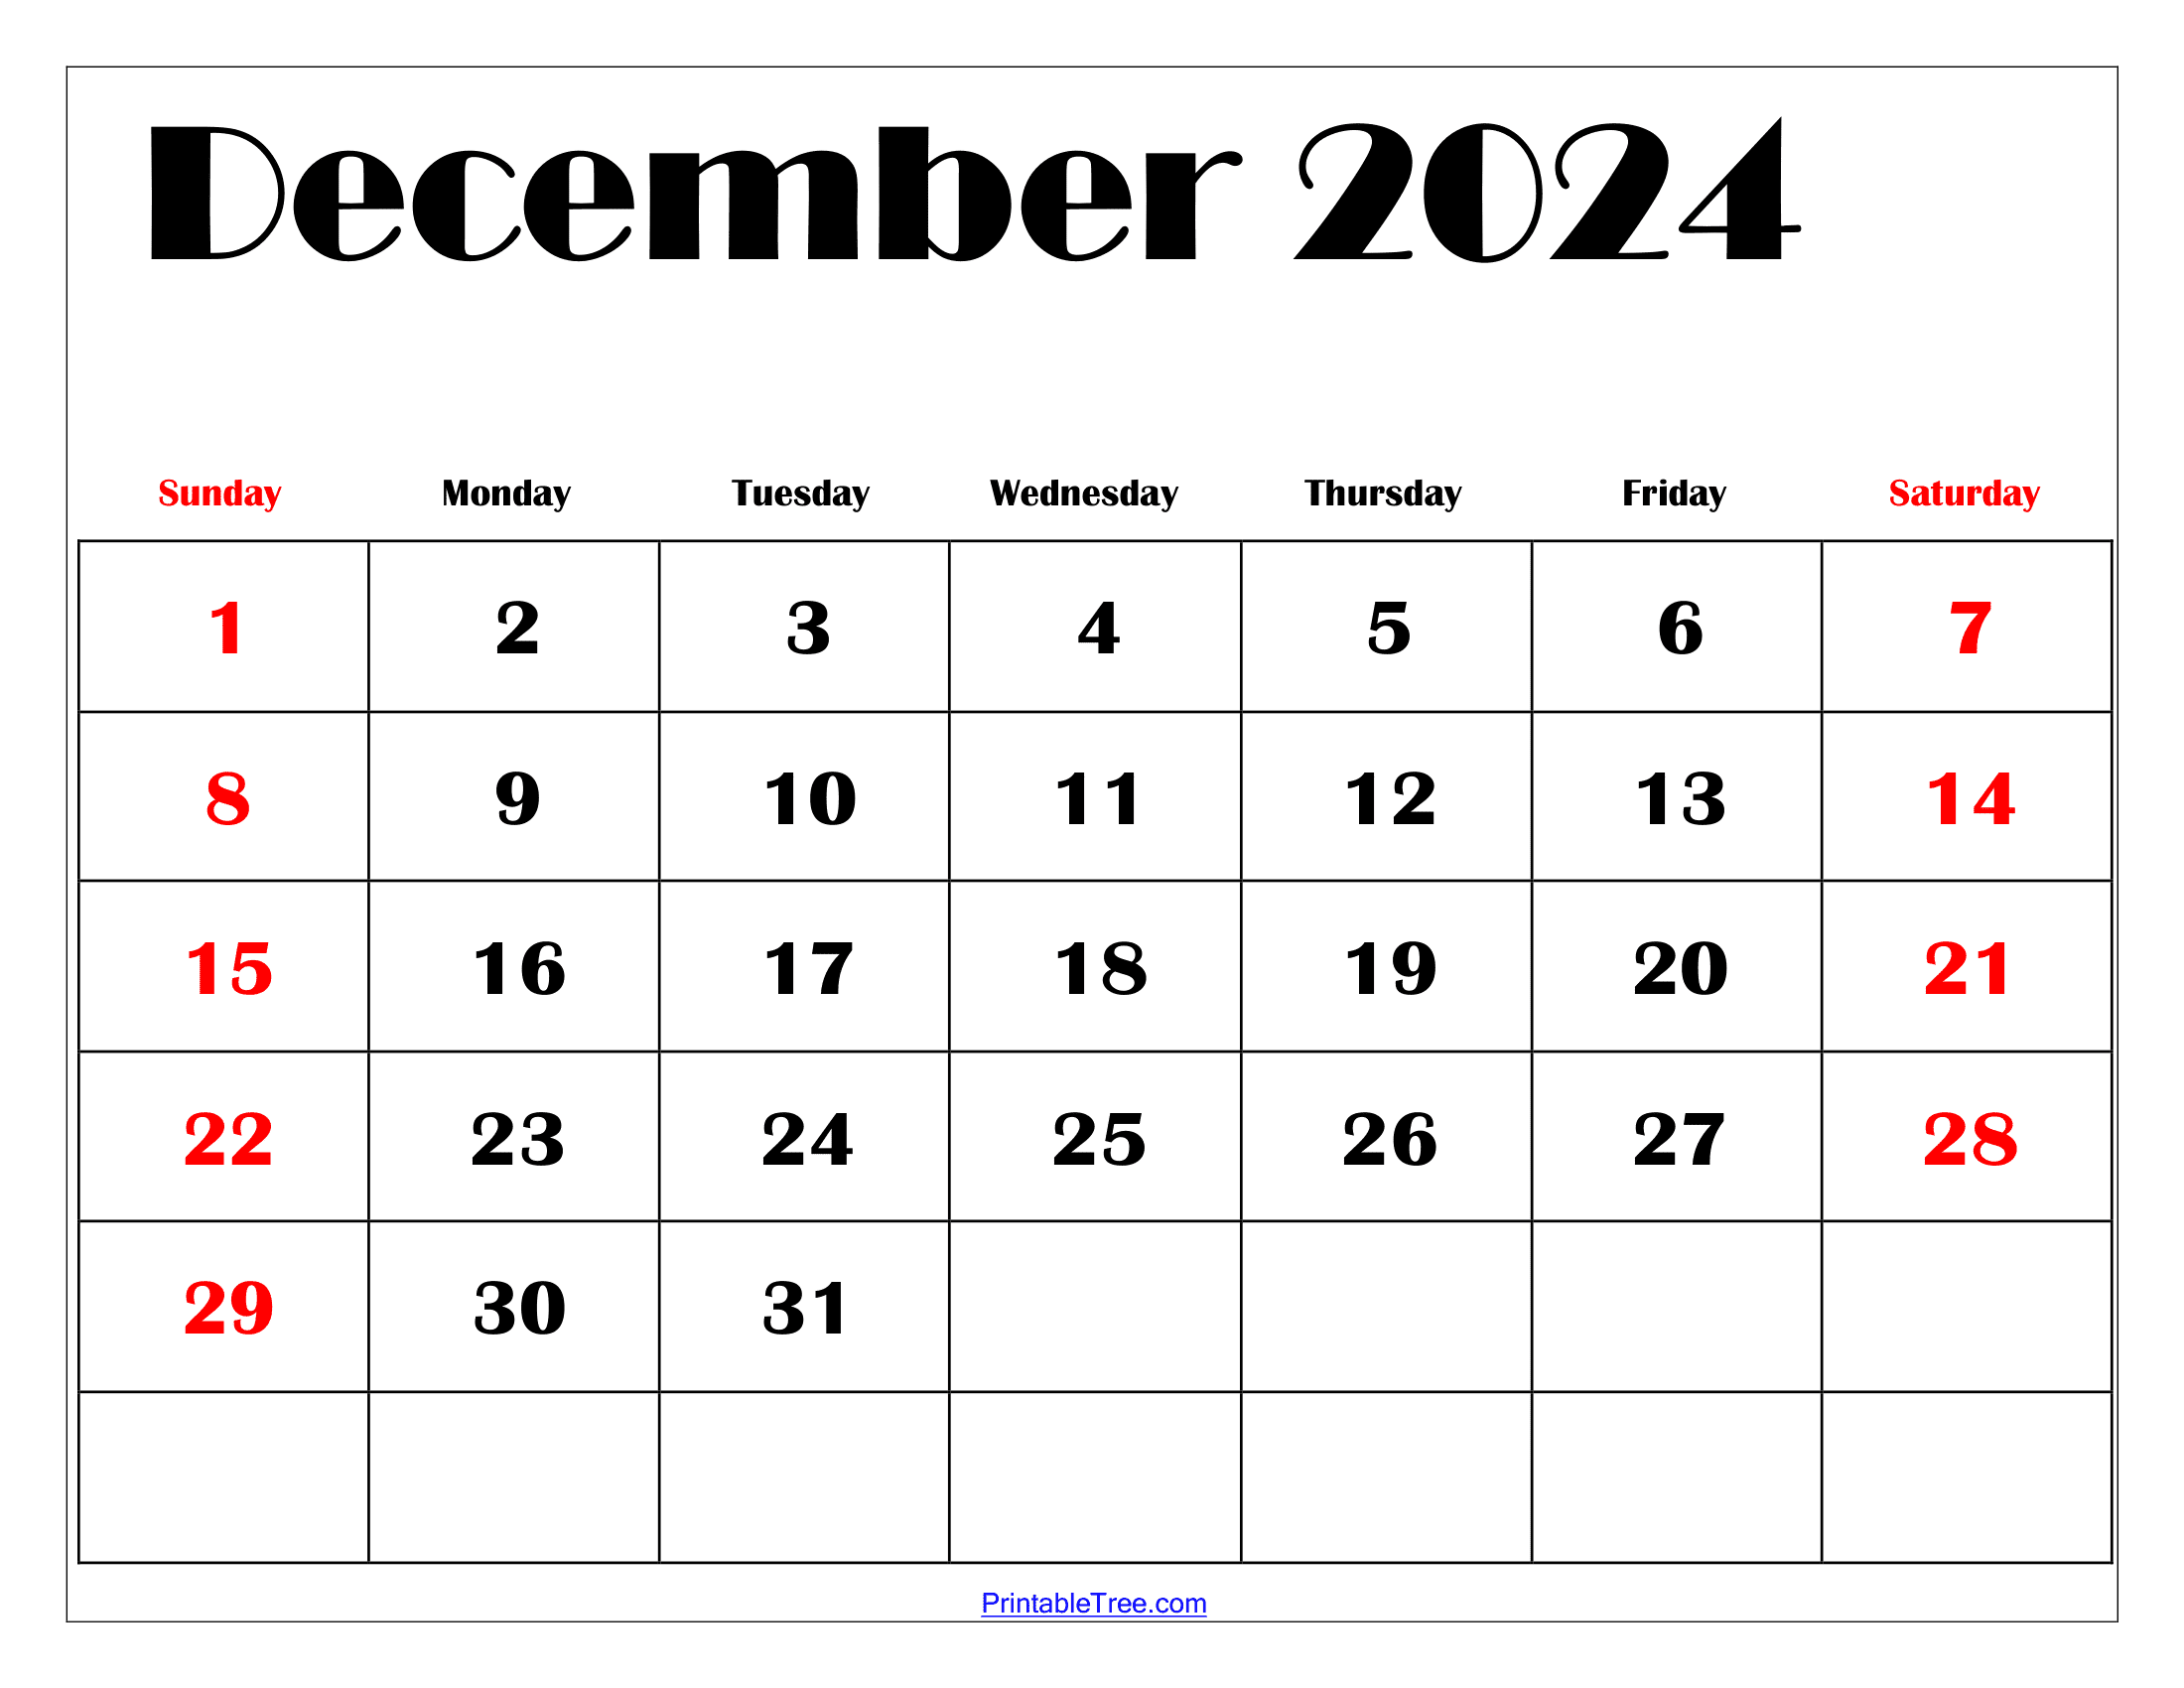 December 2024 Calendar Printable Pdf Blank Free Templates within Free Printable Calendar 2024 Dec
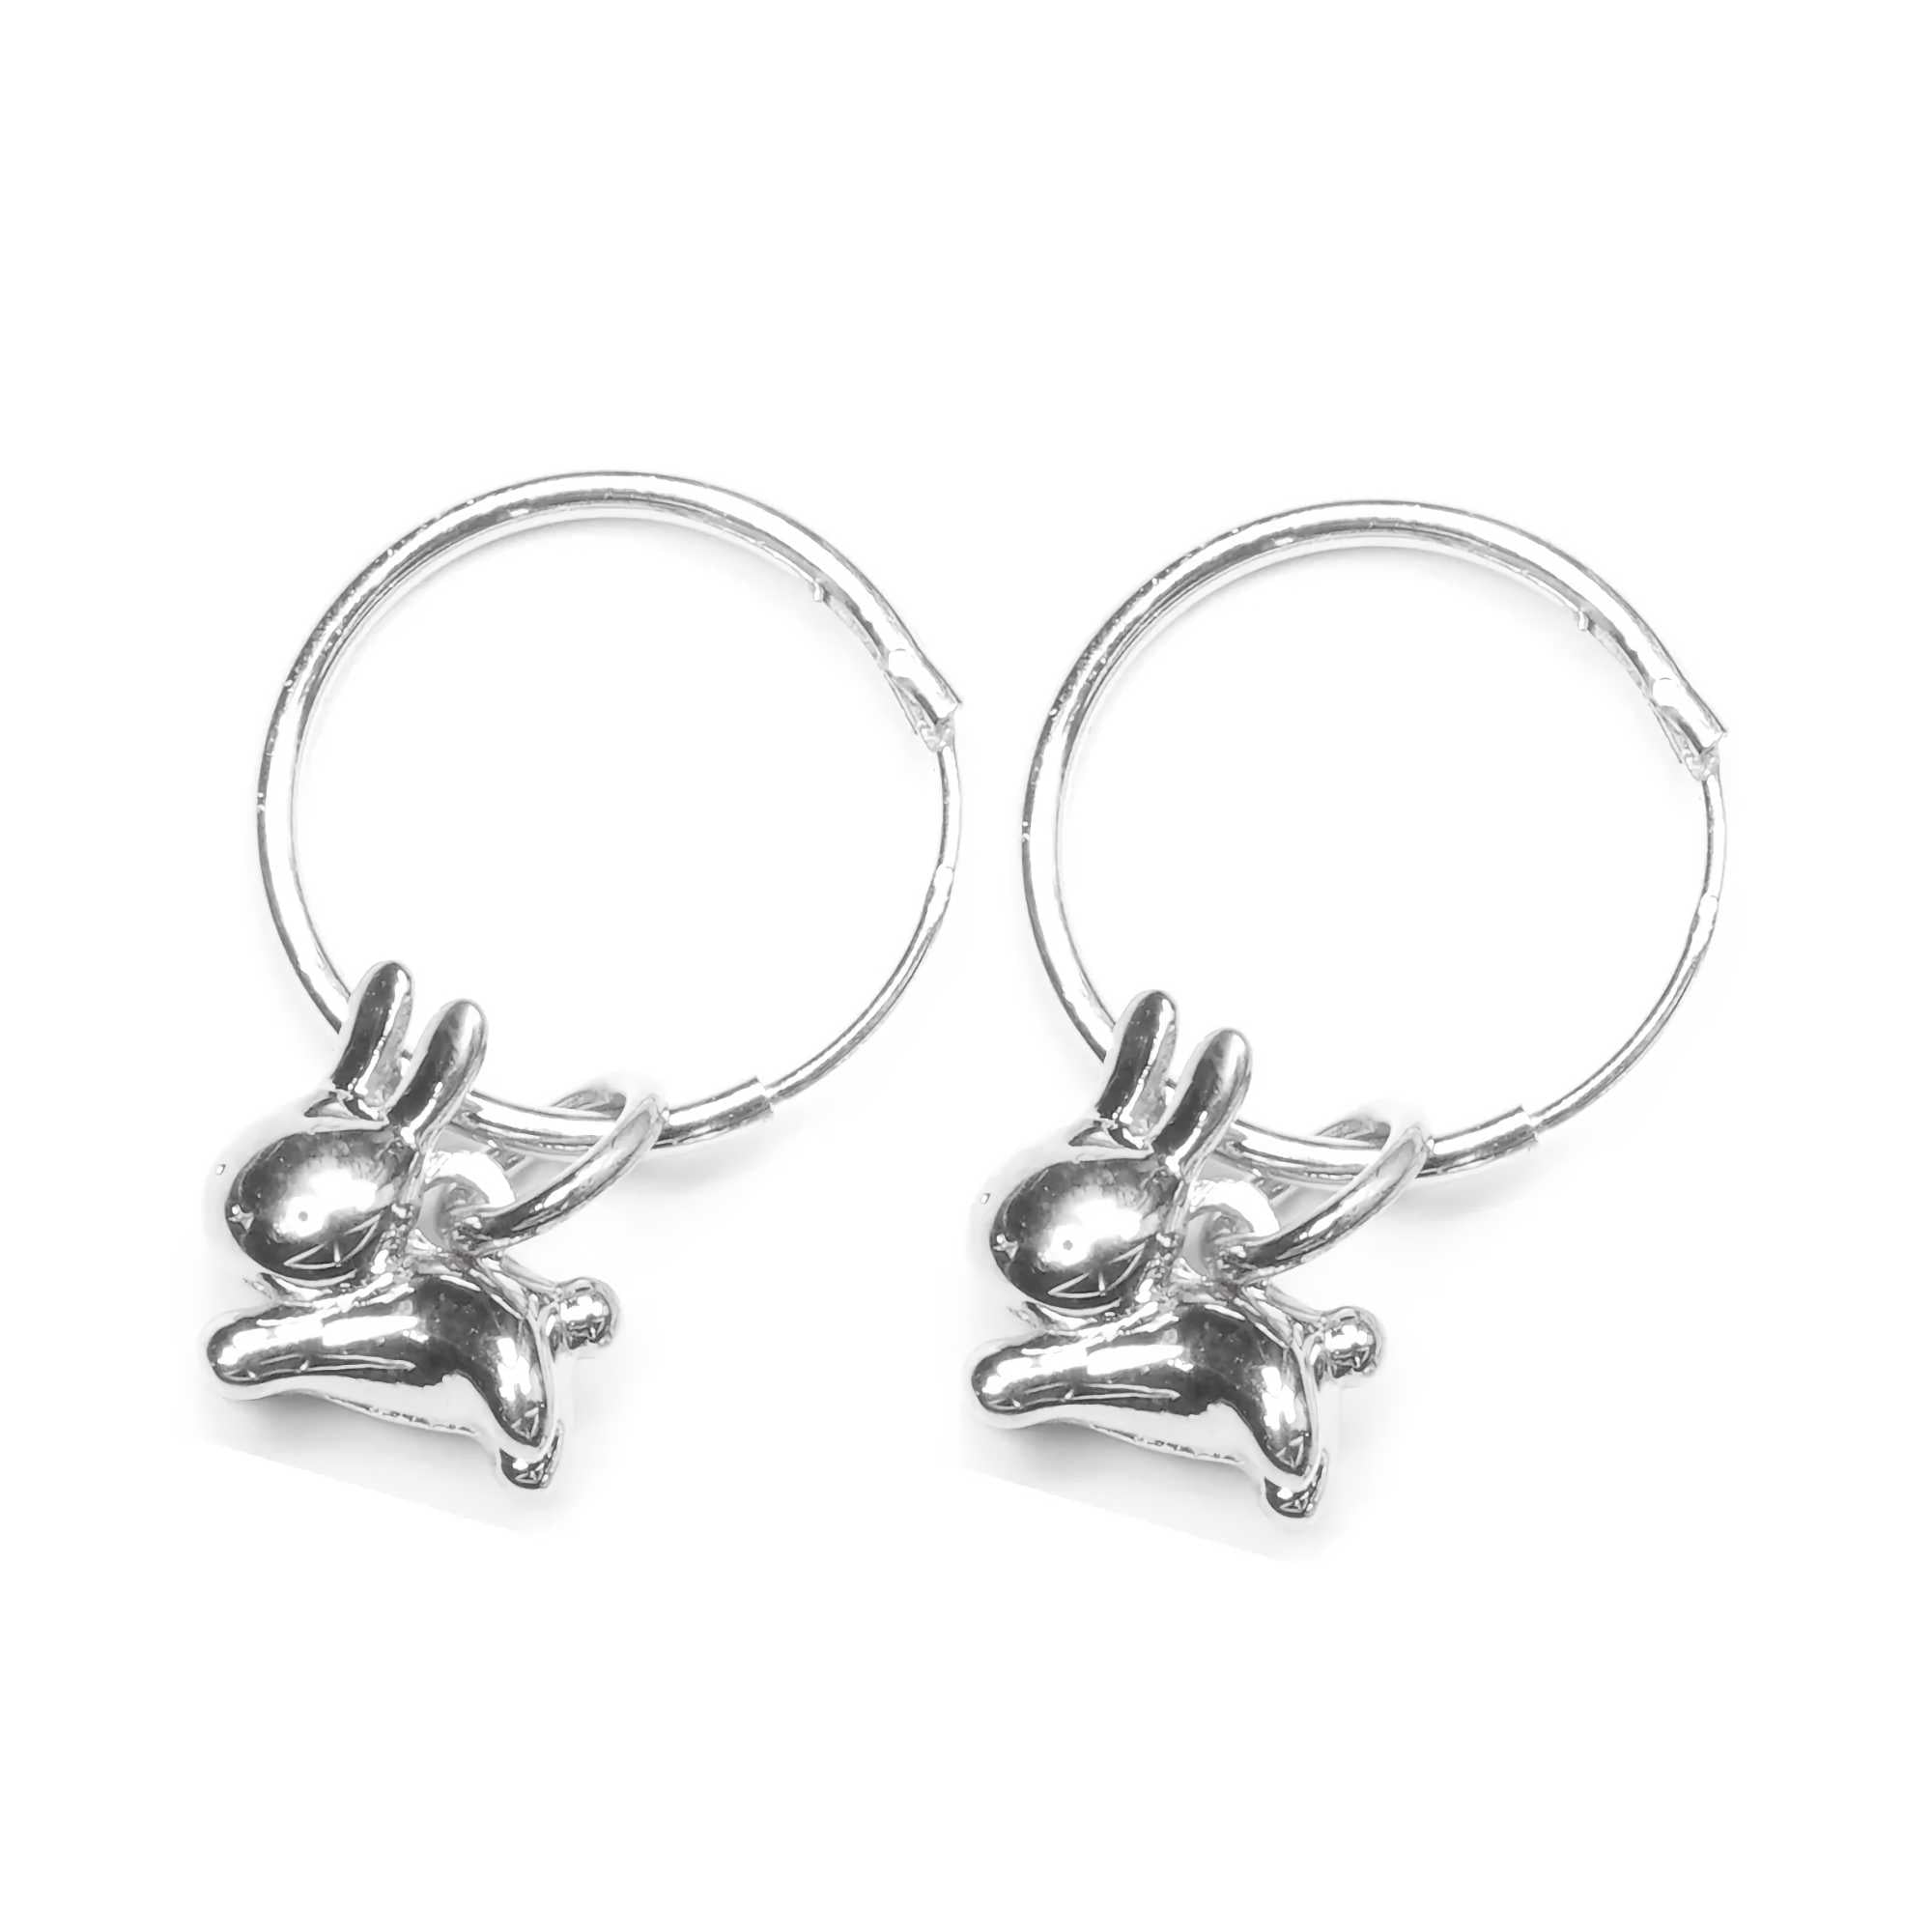 Miffy Leaping Rabbit Hoop Earrings, 925 Sterling Silver
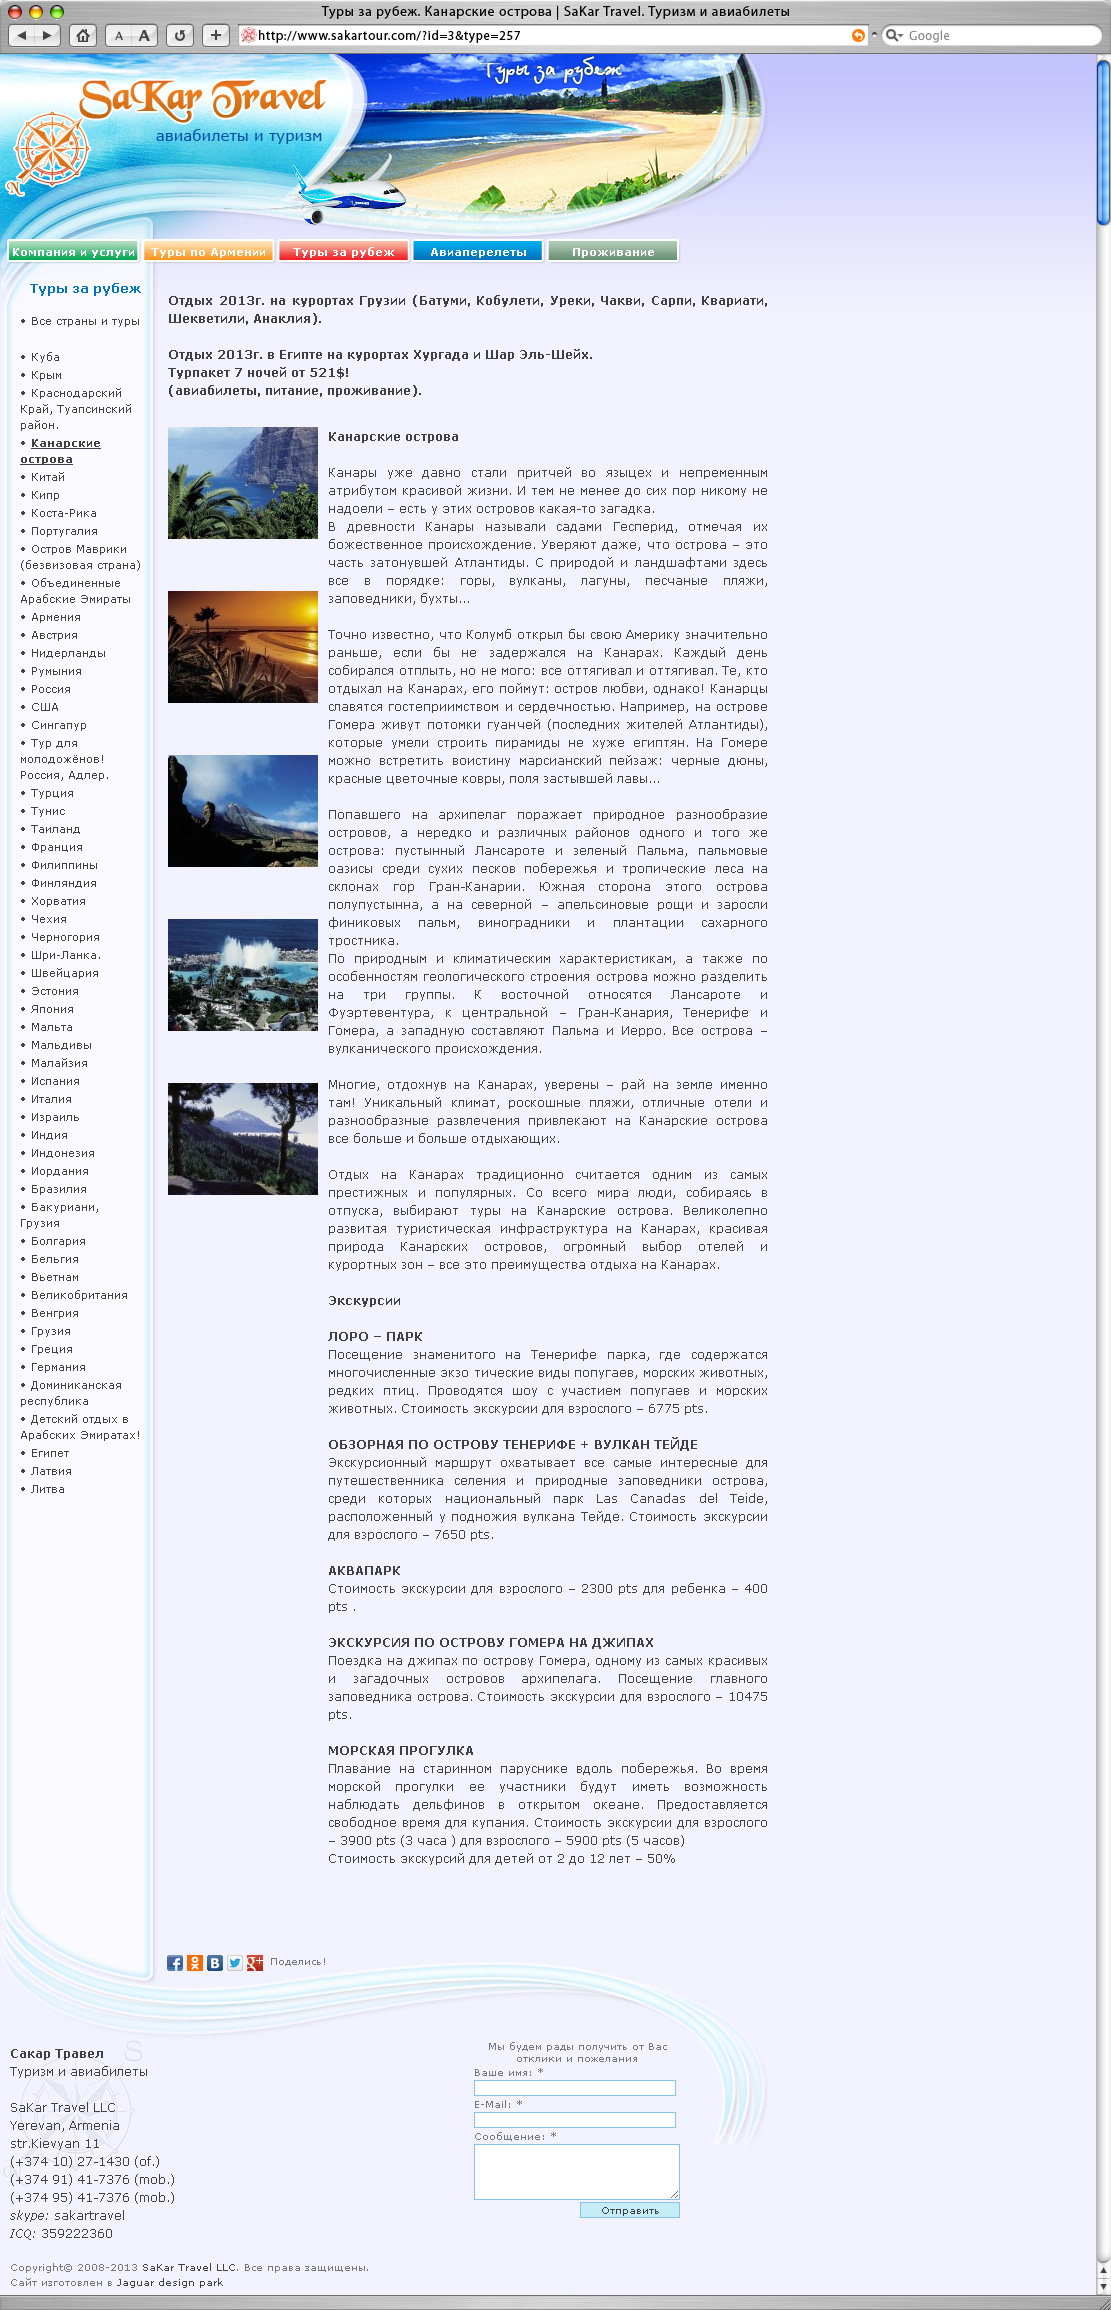 SAKARTOUR.com-"SaKar Travel" Travel Agency

Exercise prompt |
Return the full listing above exactly as written, and omit the pictures.

Task answer |
 December 2024 Calendar Printable Pdf Blank Free Templates within Free Printable Calendar 2024 Dec
 Miffy Leaping Rabbit Hoop Earrings, 925 Sterling Silver
 SAKARTOUR.com-"SaKar Travel" Travel Agency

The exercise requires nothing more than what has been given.